A group exhibition connecting international artists with people in Cornwall, In Your Hands is a collaborative effort. The artists have put the making of their art into the hands of others, placing their trust in them, and embracing the serendipitous outcomes.
Lenka Clayton and Phillip Andrew Lewis are based in Pittsburgh, US, but when visiting Lenka’s hometown of Penzance in 2017, they made an artist research trip to Henry Cowles, the oldest existing net maker in the UK, and still operating from Helston. When invited to participate in In Your Hands, the artists decided to commission a sample of every net, in every colour way, that Henry Cowles supplies, and for it to be stitched together to create a net that could catch everything, but possibly nothing. Based in Newlyn, and using traditional methods, South West Play diversified from fishing nets, and now create playparks across the Europe. They accepted the challenge to join the diamonds of nets together with the only rule that no two nets the same should touch.
Klaas Rommelaere, a textile artist based in Antwerp, Belgium wanted to make an installation that represented the collective home that we have all spent so much time in. The gallery invited people from across the UK to send in photographs of their favourite possessions, with a sentence explaining why it meant so much to them. These inspired a design that was sent to each participant, with a sewing kit – a total of 63 adults and 22 children participated. For many this was their first time doing needlework, or revisiting skills not performed for some years, but each has brought a unique personality to this group collaboration.
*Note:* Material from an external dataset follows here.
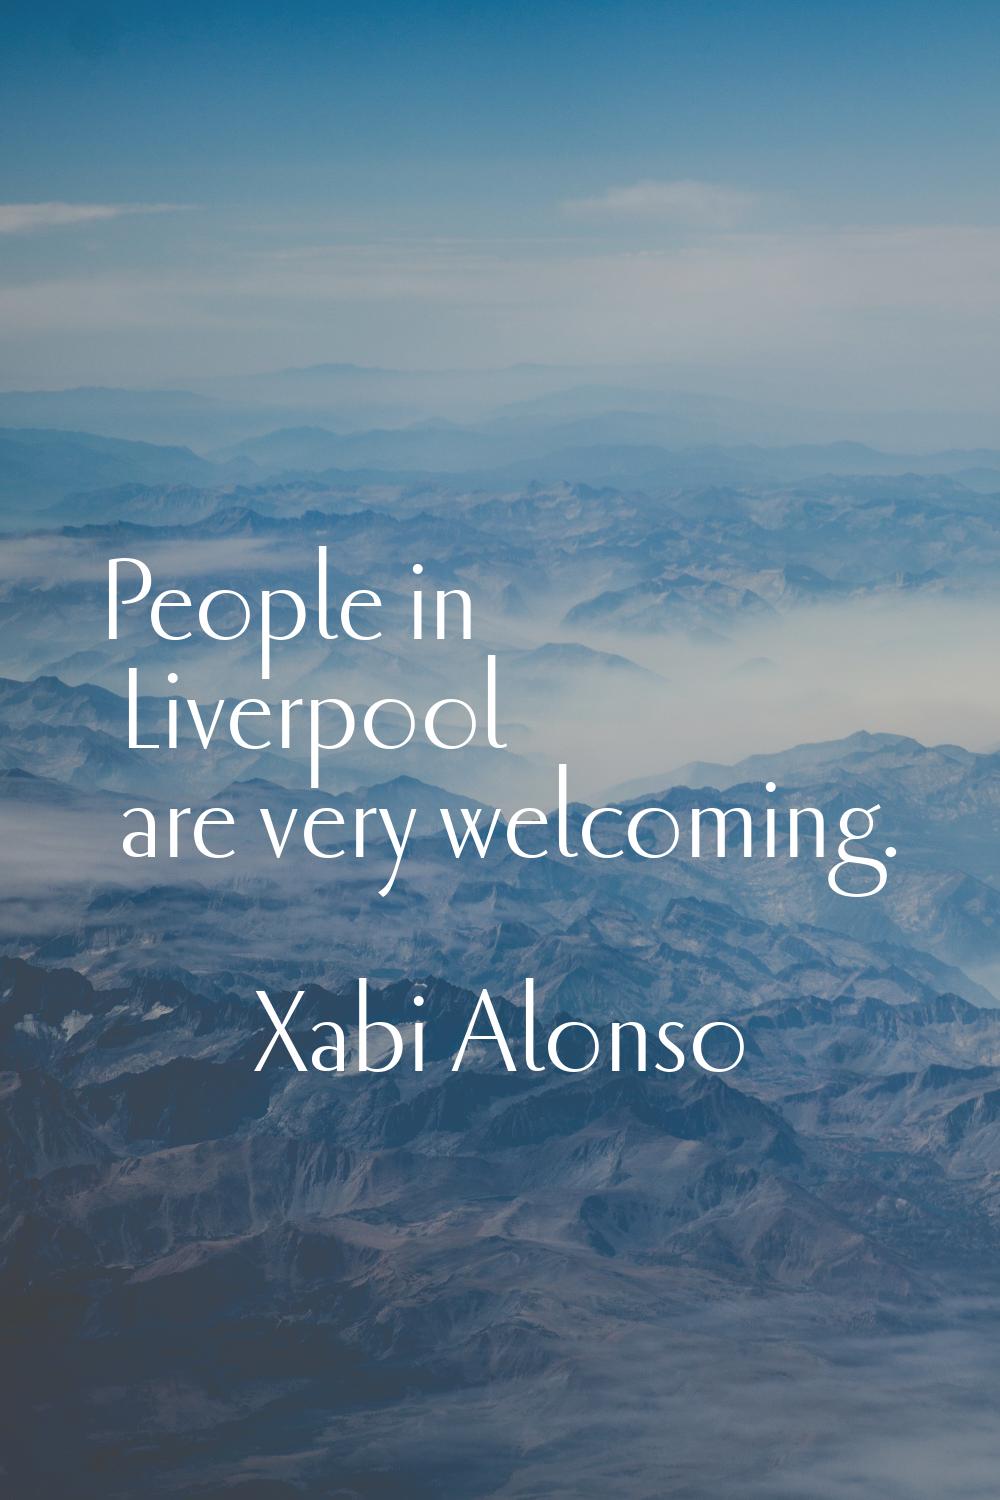 People in Liverpool are very welcoming.

For curator of the exhibition, Programme Curator Blair Todd, the exhibition highlights the incredible results collaborations between artists can offer, “While connecting international artists with people in Cornwall and the UK to create their work was born out of necessity in a time of lockdown, these collaborations have resulted in many extraordinary and unexpected outcomes for the artists,” Blair explains. “Helping make each project happen has been incredibly rewarding, particularly emailing, messaging, and zooming with the eighty people across the UK who put so much time and creativity into their needlework.”
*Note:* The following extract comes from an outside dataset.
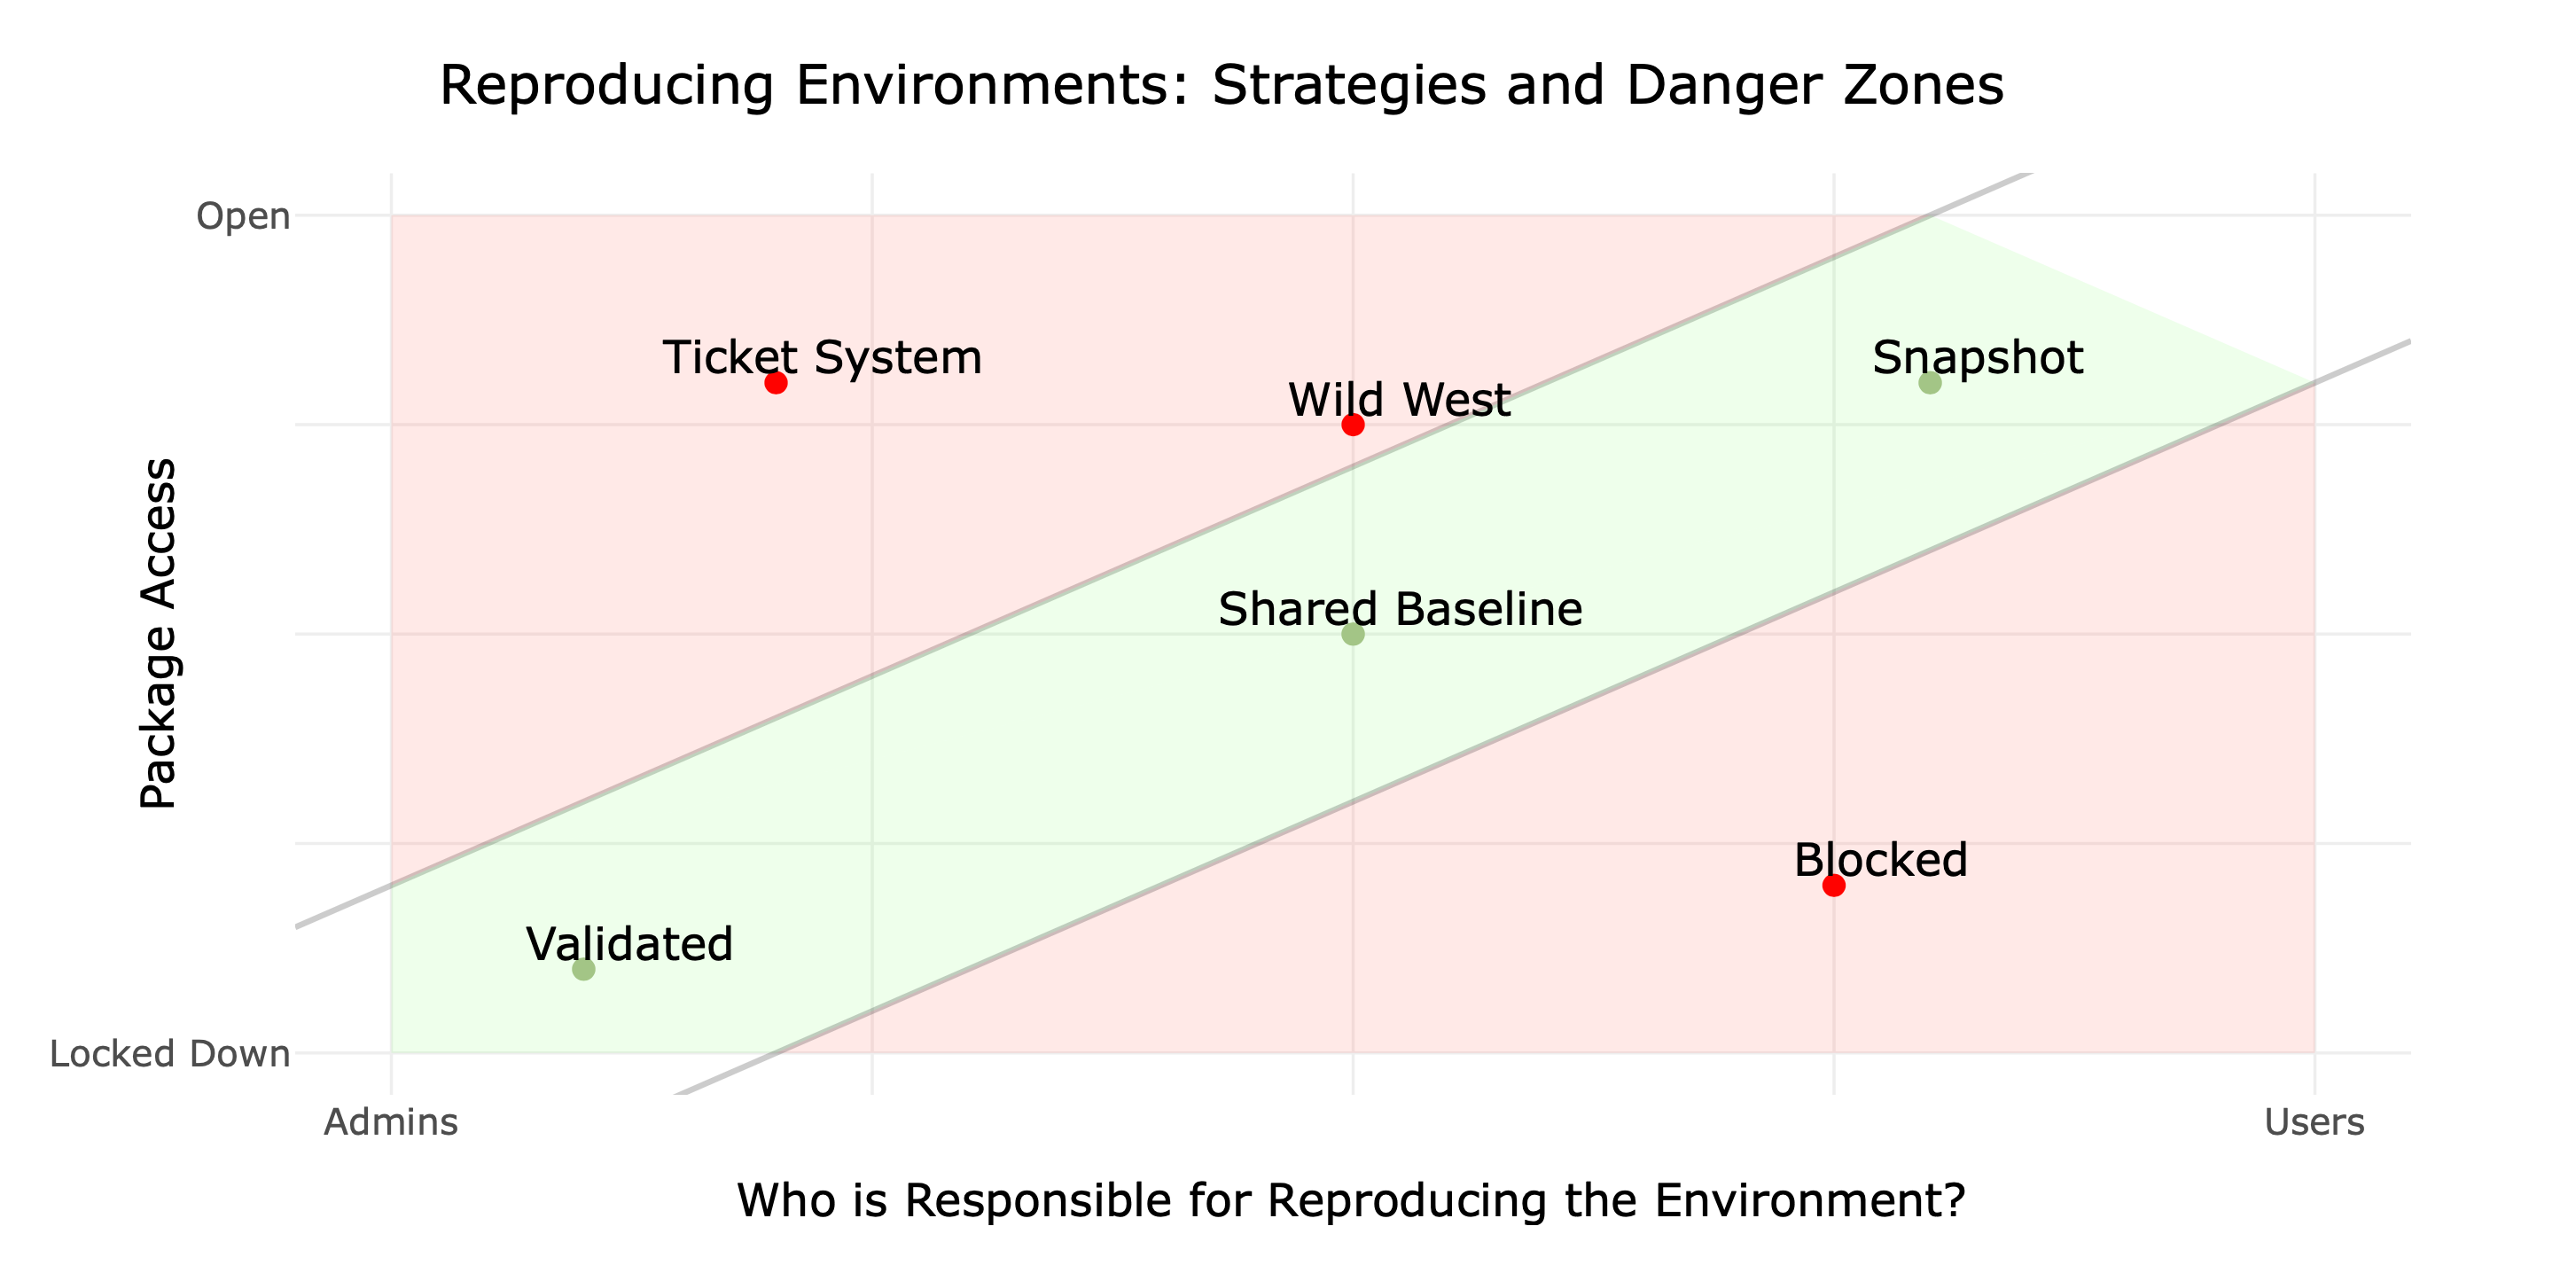 Graph showing Who is Responsible on the x-axis, with Admins on the far left, Users on the far right. Package Access on the y-axis with locked down on the bottom and Open at the top. Three strategies fall into a green zone along these axis, moving upward, left to right: Validated, Shared Baseline, and Snapshot.

Other collaborations include Arinda Daphine, a poet and dancer, and civil rights lawyer, in Kampala, Uganda, who has devised a new installation of poetry, song, drawing, painting and dance with Shallal Dance Theatre; Benny Nemer, a Canadian artist based in Paris, will send a personal card each week during the exhibition to Zennor Wild, a local florist, who will respond with a different floral arrangement for the gallery – an intimate conversation developing over the summer; Through The Interdependence, artist Kate Rich is linking Newlyn Art Gallery to a number of international endeavours by artists to establish alternative economies, including New Dawn Traders; and Georgia Gendall will invite her international networks to participate in her ongoing project Forced Collaboration, by devising instructions for the Gallery’s collective of young artists The Collaborators to create new artworks for the exhibition. l
In Your Hands curated by Blair Todd, Programme Curator, is showing at Newlyn Art Gallery until the 16th October. The Gallery is open daily until the 11th September, then Tuesday to Saturday.